Aim of the exercise ▸ Go through the records and give each one again exactly, omitting the images.

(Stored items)
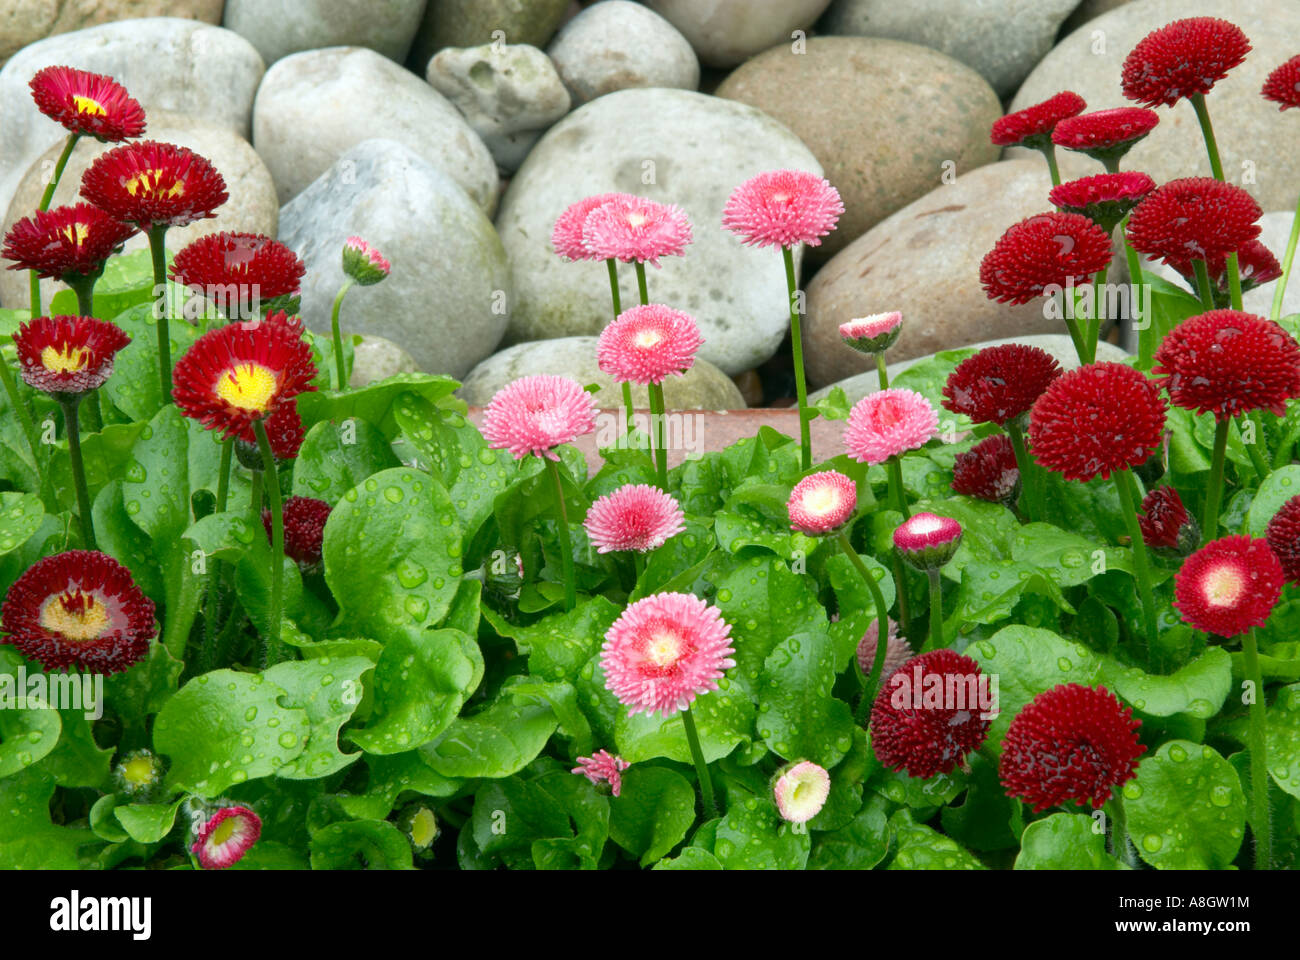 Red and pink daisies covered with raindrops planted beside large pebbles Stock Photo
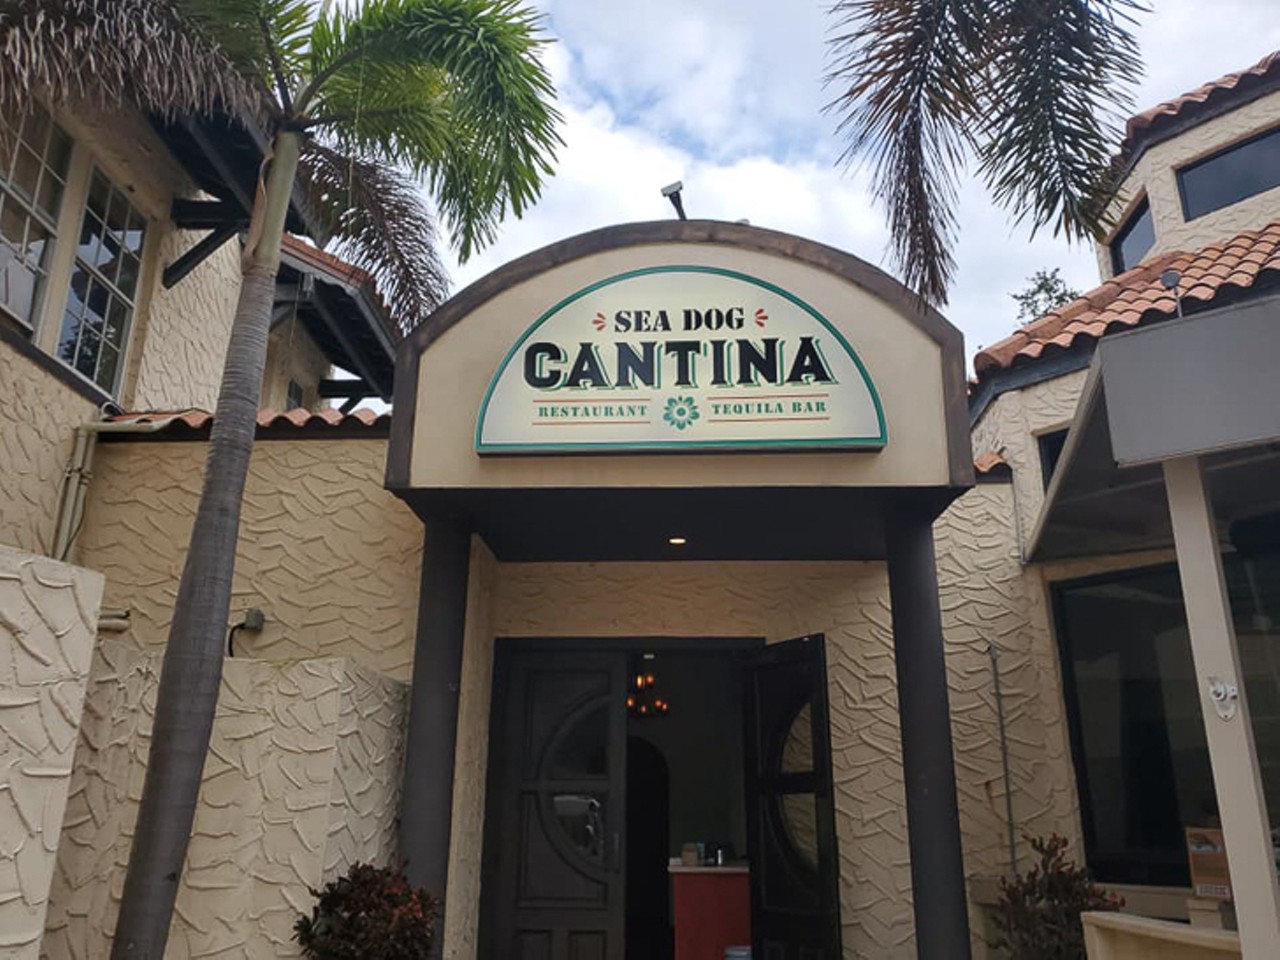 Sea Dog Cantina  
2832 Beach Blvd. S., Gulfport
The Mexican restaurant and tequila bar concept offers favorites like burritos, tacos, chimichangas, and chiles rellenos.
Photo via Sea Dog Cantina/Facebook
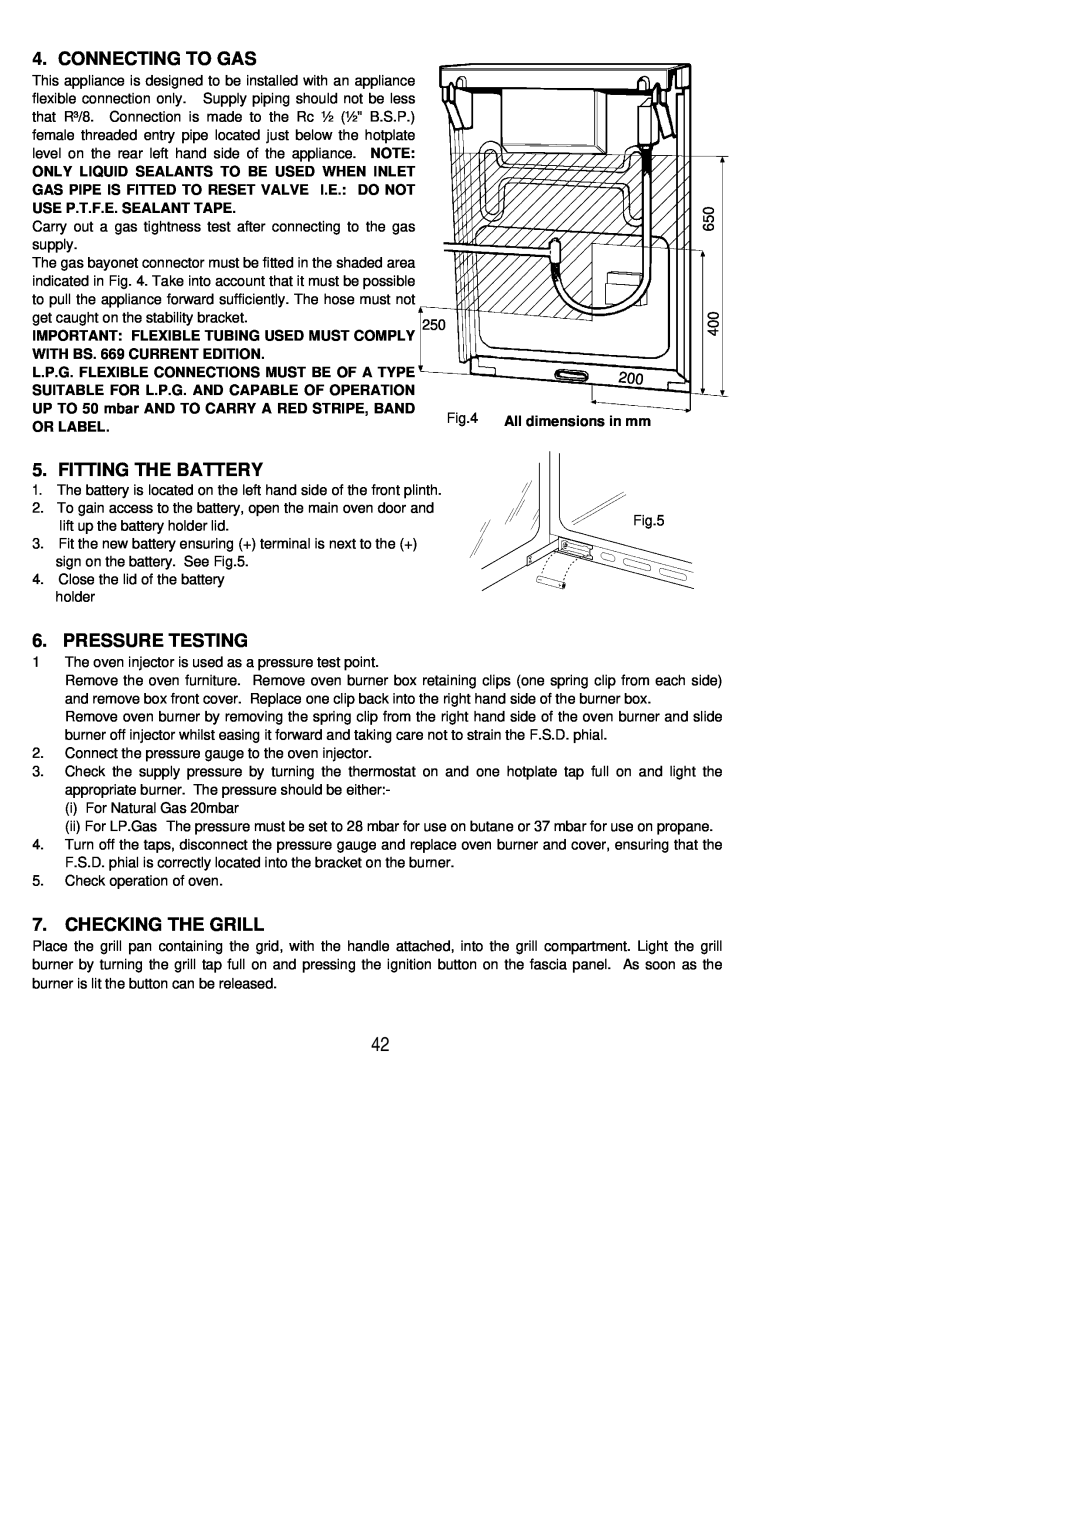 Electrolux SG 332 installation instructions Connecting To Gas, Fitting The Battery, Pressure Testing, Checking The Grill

Solution below ▸
 Red and pink daisies covered with raindrops planted beside large pebbles Stock Photo
 Sea Dog Cantina  
2832 Beach Blvd. S., Gulfport
The Mexican restaurant and tequila bar concept offers favorites like burritos, tacos, chimichangas, and chiles rellenos.
Photo via Sea Dog Cantina/Facebook
 Electrolux SG 332 installation instructions Connecting To Gas, Fitting The Battery, Pressure Testing, Checking The Grill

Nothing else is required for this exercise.